We can plot some of the simulated data sets along with the original data set to do a visual inspection as suggested by Gelman et al. (2013). Conveniently, RStan’s extract() function has already permuted the posterior draws, so we can just take the initial fifteen for display.

df_post <- data.frame(list(dataset = rep("REAL", N),
                           y = y));
for (n in 1:15) {
  df_post <- rbind(df_post,
                   data.frame(list(dataset = rep(paste("repl ", n), N),
                                   y = ss_hier_logit$y_rep[n,])));
}
post_plot <-
  ggplot(df_post, aes(y)) +
  facet_wrap(~ dataset) +
  stat_count(width=0.8) +
  scale_x_discrete(limits=c(5, 10, 15, 20)) +
  scale_y_discrete(name="count", limits=c(0, 2, 4)) +
  ggtitle("Existing Item Replication (Normal Prior on Log Odds)");
post_plot;

And now we can do the same thing for the population-level replication; because the code’s the same, we do not echo it to the output.

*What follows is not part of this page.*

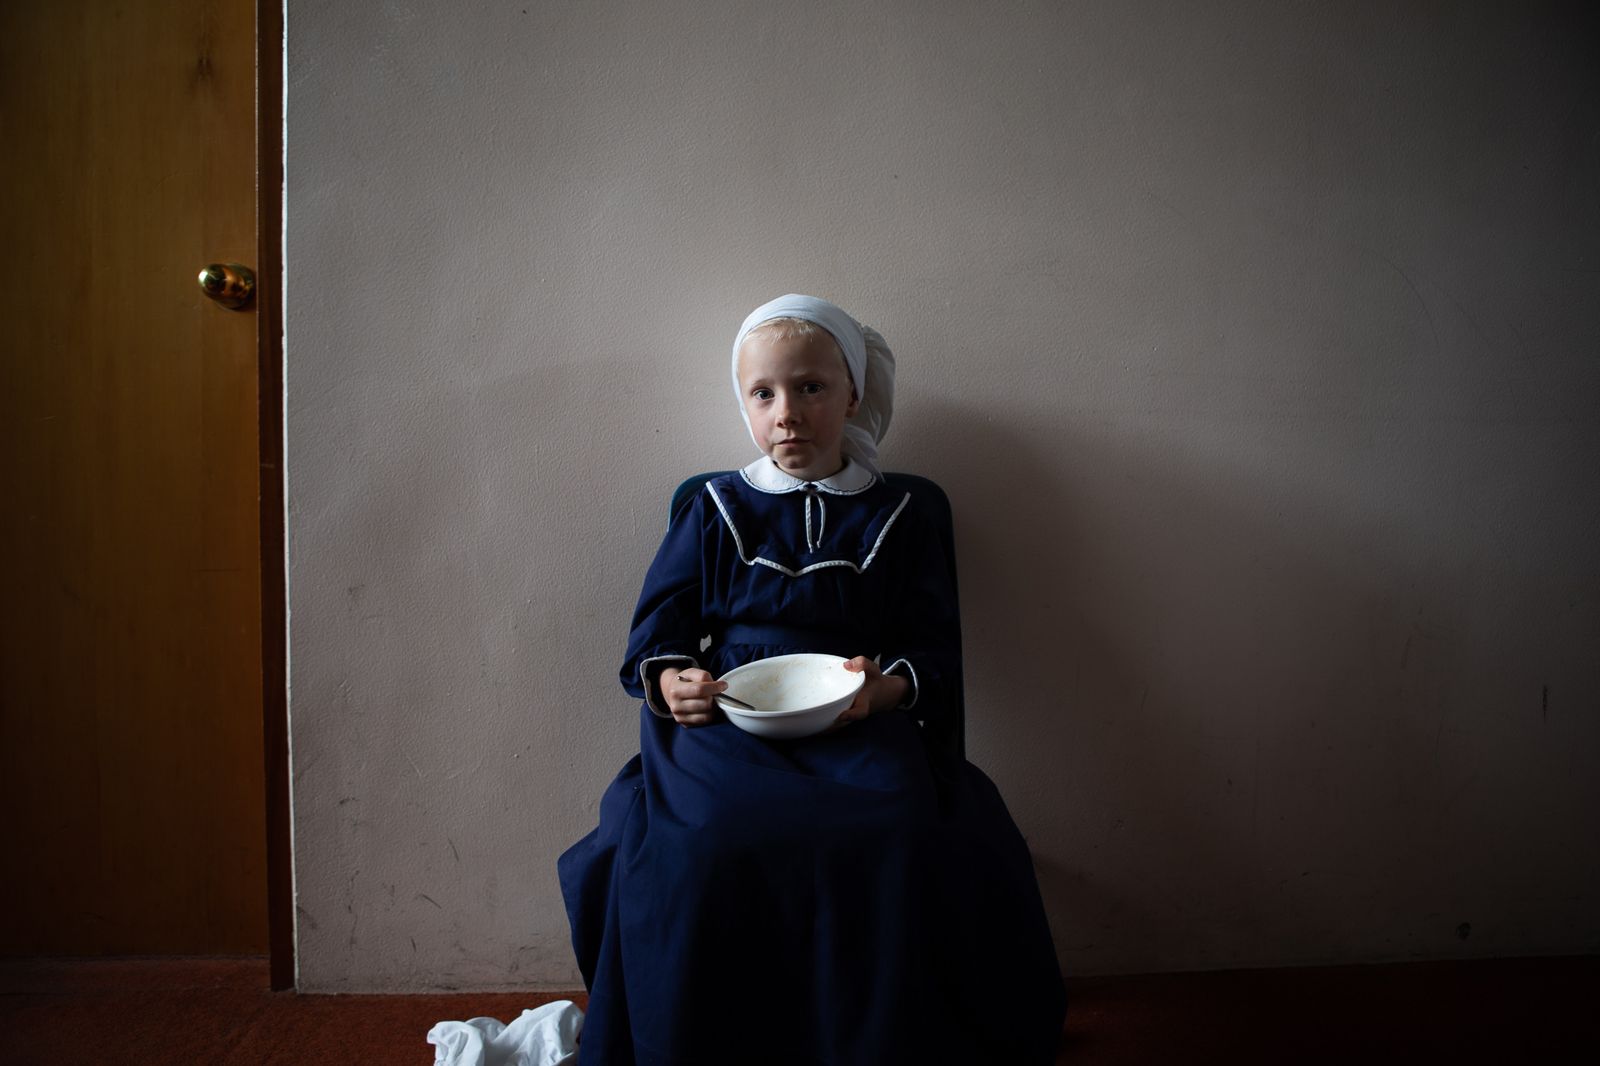 © Marta Bortoli - Image from the Blue is the colour of the sky photography project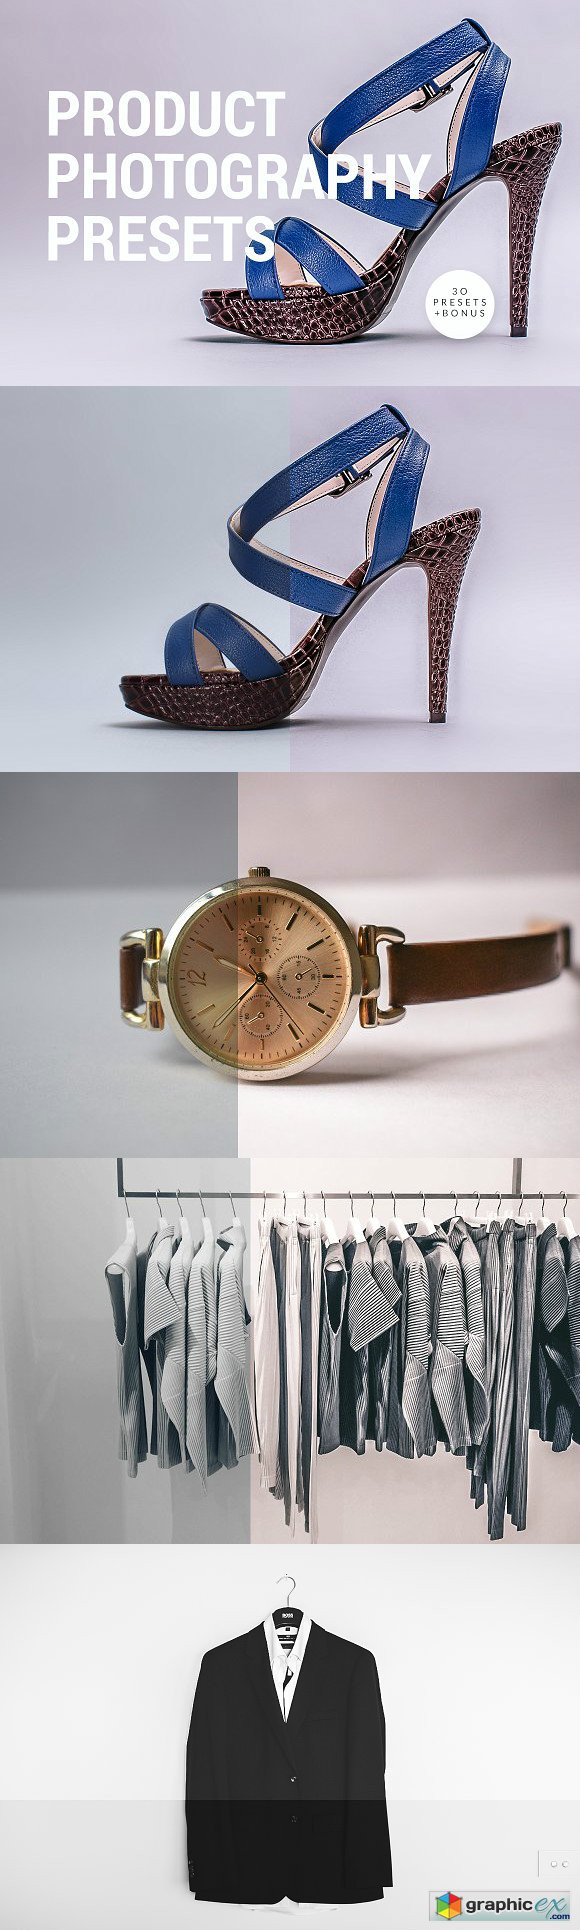 PRODUCT Photography Presets

The posterior simulations are not unreasonable for a binomial likelihood, but are noticeably more spread out than the actual data. This may actually have more to do with how the data were selected out of all the major league baseball players than the actual data distribution. Efron and Morris (1975, p 312) write, “This sample was chosen because we wanted between 30 and 50 at bats to assure a satisfactory approximation of the binomial by the normal distribution while leaving the bulk of at bats to be estimated. We also wanted to include an unusually good hitter (Clemente) to test the method with at least one extreme parameter, a situation expected to be less favorable to Stein’s estimator. Stein’s estimator requires equal variances, or in this situation, equal at bats, so the remaining 17 players are all whom either the April 26 or May 3 New York Times reported with 45 at bats.”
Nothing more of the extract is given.